I have tested my tank and the kh is about6-7 drops and my gh is 7 drops.
So my question is ,is each drop a degree?
If that was the case with the chart below,does it mean my tank is 6-11(100 - 200 ppm)?????
GH & KH RANGE - Aquarium Life
0°-3° (0-50 ppm) discus, arowanas, elephantnose, neons, cardinals, live plants

3°-6° (50-100 ppm) Most tropical fish including angelfish, cichlids, tetras, botia, live plants

6°-11° (100-200 ppm) Most tropical fish including swordtails, guppies, mollies, goldfish

11°-22° (200-400 ppm) Rift lake cichlids, goldfish, brackish water fish

The chart that came with my liquid test kit is a little confusing.


----------



## jrman83 (Jul 9, 2010)

It does mean each drop = 1 degree.

Don't worry about the list of recommended fish. Unless you are going to have something like Discus, nearly all fish can thrive outside what they would call their preferred range. Whenever you bring a new fish to your tank just take the time to properly acclimate it and it should do just fine. People drive themselves crazy over these lists and it's usually when they start to mess with things to try and get their tanks "just right" that something is done wrong and endangers the fish, if not kill it.


----------



## Gizmo (Dec 6, 2010)

Agreed. I have the exact same levels - 6-8 degrees KH, 7-9 degrees GH, in drops. My fish have been alive and thriving in that environment for years.

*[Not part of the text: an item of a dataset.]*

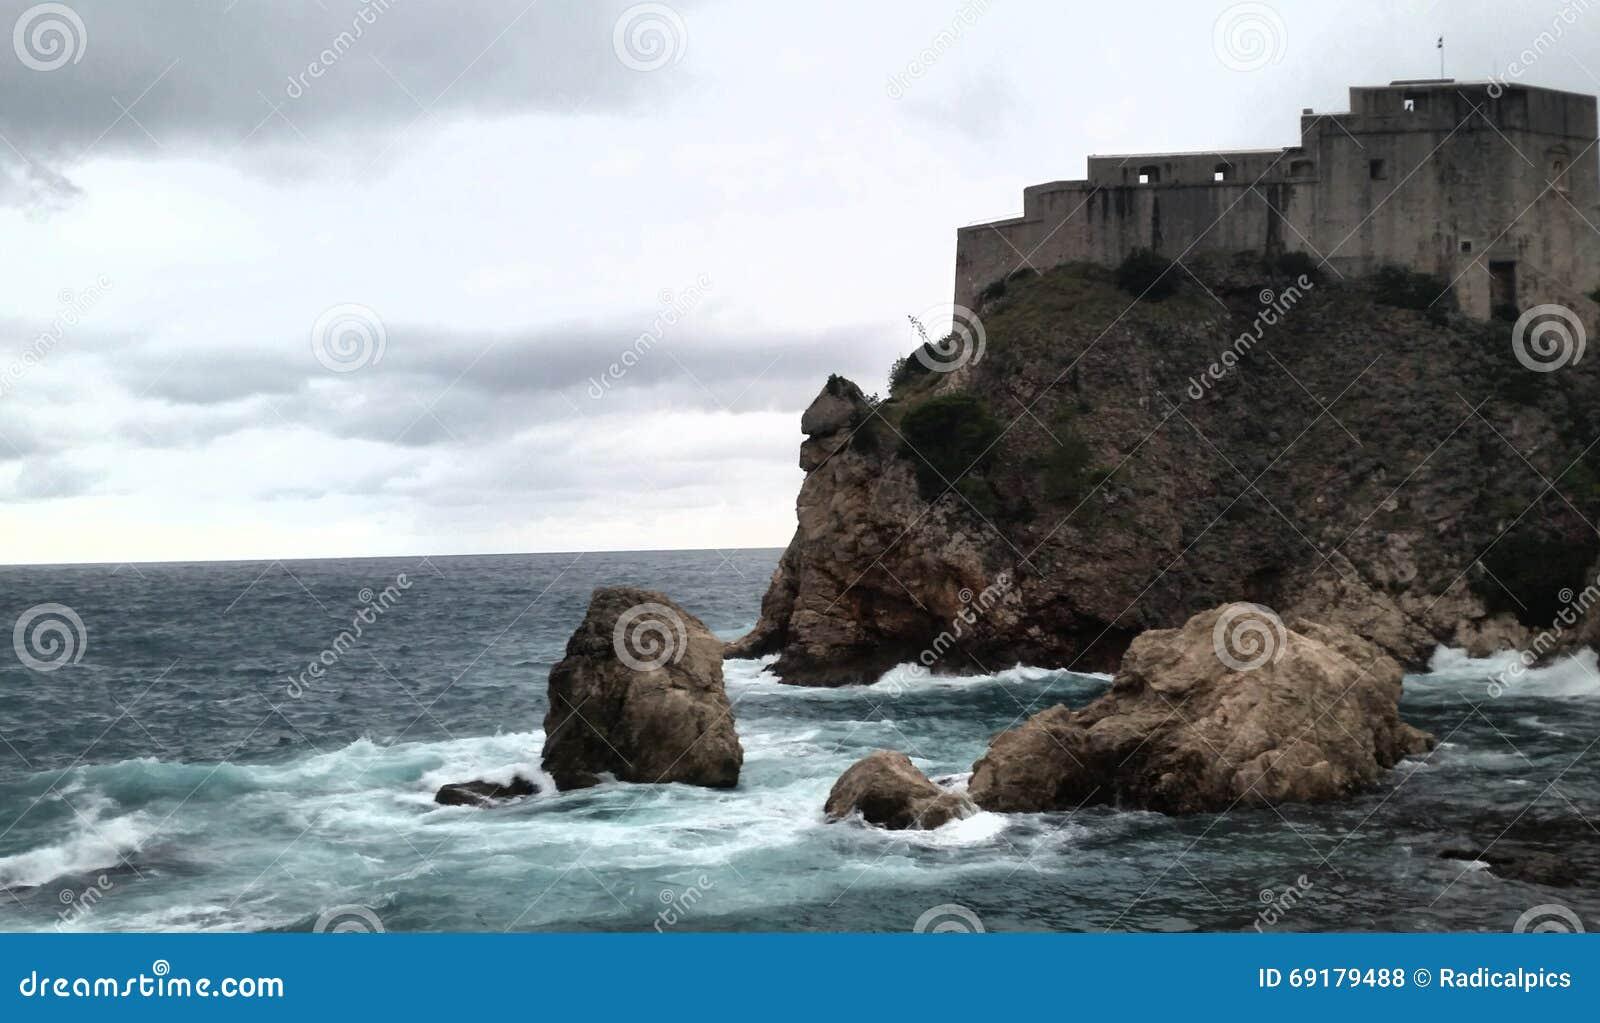 Medieval Dubrovnik Croatia Game Of Thrones Stock Photo

The only time I would worry about hardness and alkalinity is when you have live plants, because over time they will soften the water by removing carbon and other minerals. Things like Grumpy's GH booster, available from Rex Grigg's dry fertilizer website, can replenish GH, but without live plants such a booster is completely useless. With that being said, I have a TON of plants in my tank and regular 30% weekly PWC's keep my KH and GH stabilized.


----------